= Scientific collaboration network =

A scientific collaboration network is a social network where nodes are scientists and links are co-authorships, as the latter is one of the most well documented forms of scientific collaboration. It is an undirected, scale-free network where the degree distribution follows a power law with an exponential cutoff – most authors are sparsely connected while a few authors are intensively connected. The network has an assortative nature – hubs tend to link to other hubs and low-degree nodes tend to link to low-degree nodes. Assortativity is not structural, meaning that it is not a consequence of the degree distribution, but it is generated by some process that governs the network’s evolution.

==Study by Mark Newman==
A detailed reconstruction of an actual collaboration was made by Mark Newman. He analyzed the collaboration networks through several large databases in the fields of biology and medicine, physics and computer science in a five-year window (1995–1999). The results showed that these networks form small worlds, in which randomly chosen pairs of scientists are typically separated by only a short path of intermediate acquaintances. They also suggest that the networks are highly clustered, i.e. two scientists are much more likely to have collaborated if they have a third common collaborator than are two scientists chosen randomly from the community.

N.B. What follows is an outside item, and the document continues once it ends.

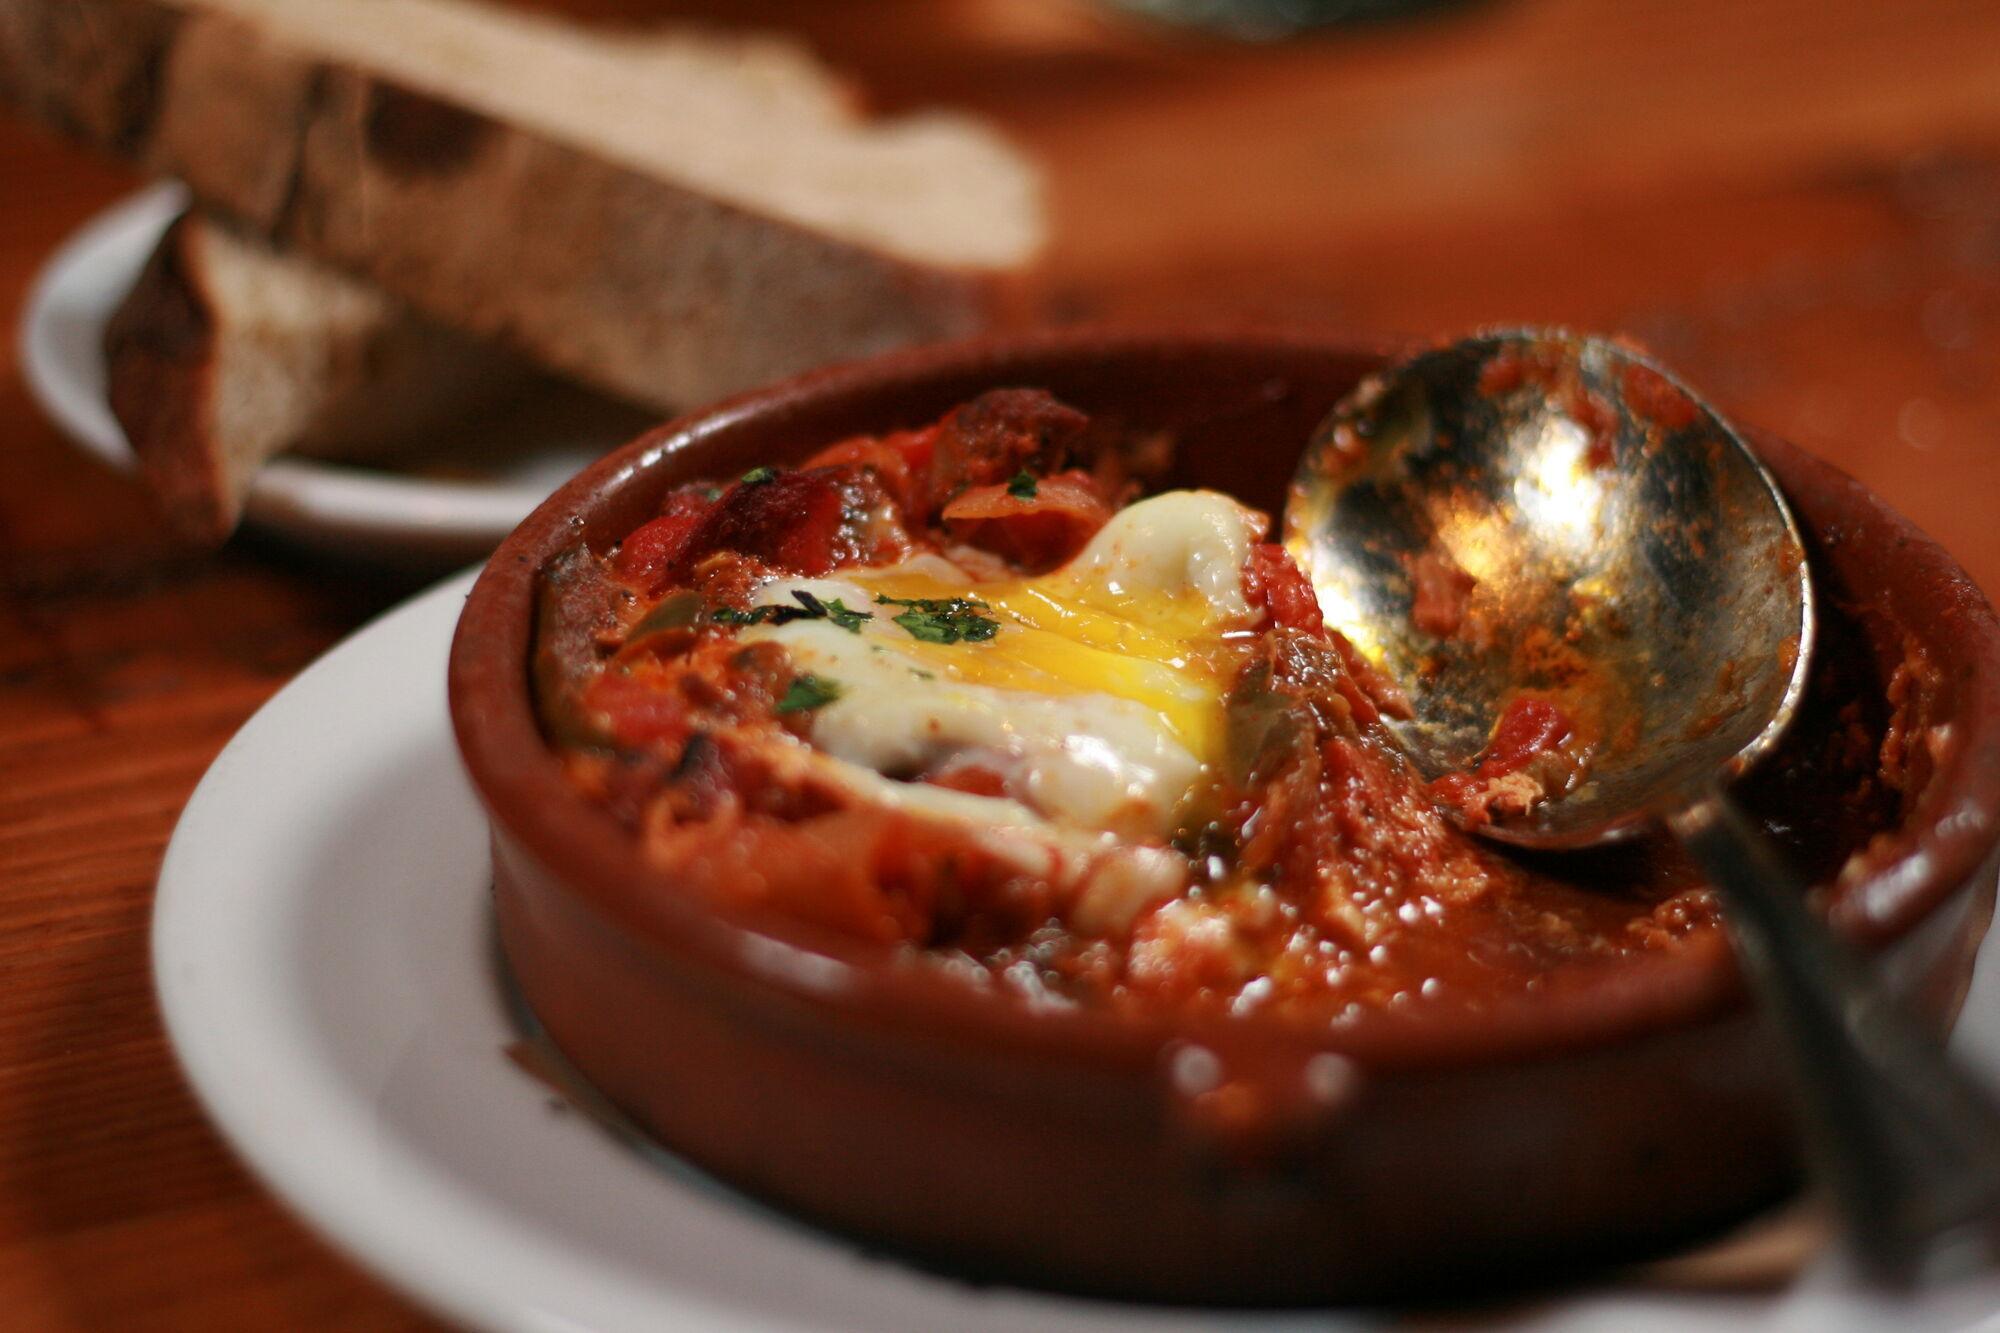 Шакшука. Страной происхождения этого блюда считается Тунис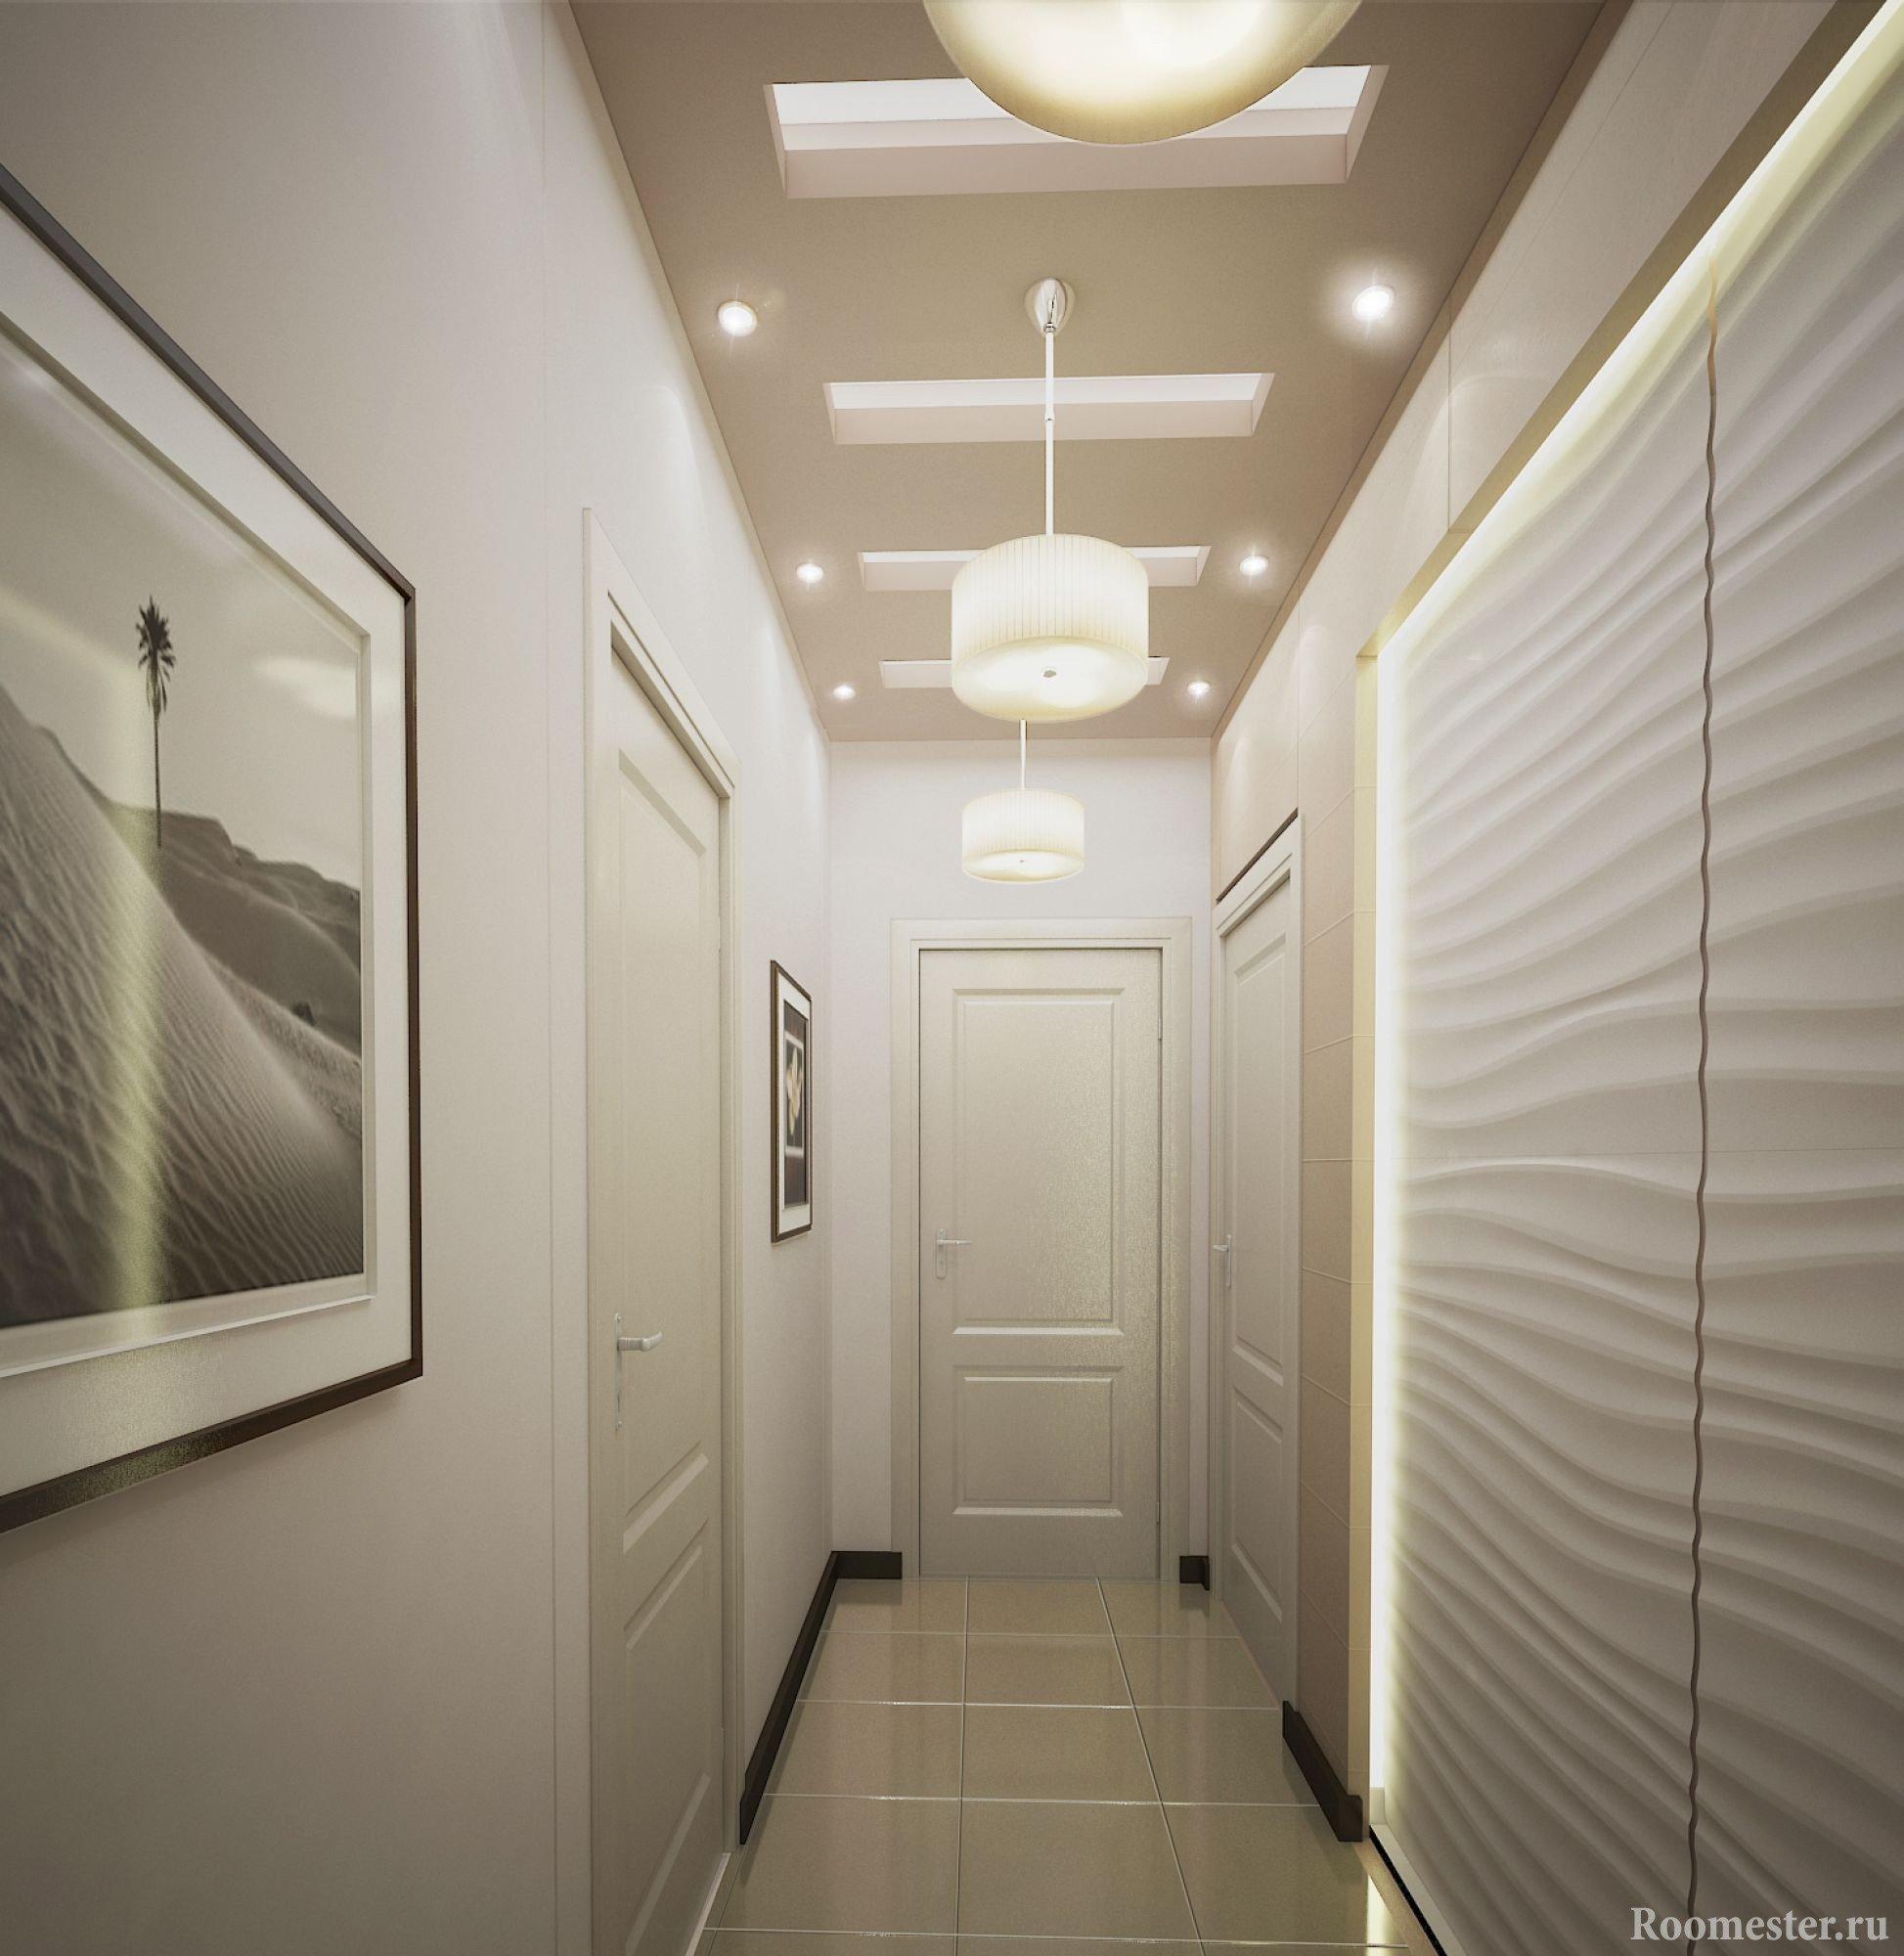 Дизайн-проект длинного и узкого коридора

==Prototype of evolving networks==
Barabasi et al. studied the collaboration networks in mathematics and neuro-science of an 8-year period (1991–1998) to understand the topological and dynamical laws governing complex networks. They viewed the collaboration network as a prototype of evolving networks, as it expands by the addition of new nodes (authors) and new links (papers co-authored). The results obtained indicated that the network is scale-free and that its evolution is governed by preferential attachment. Moreover, authors concluded that most quantities used to characterize the network are time dependent. For example, the average degree (network's interconnectedness) increases in time. Furthermore, the study showed that the node separation decreases over time, however this trend is believed to be offered by incomplete database and it can be opposite in the full system.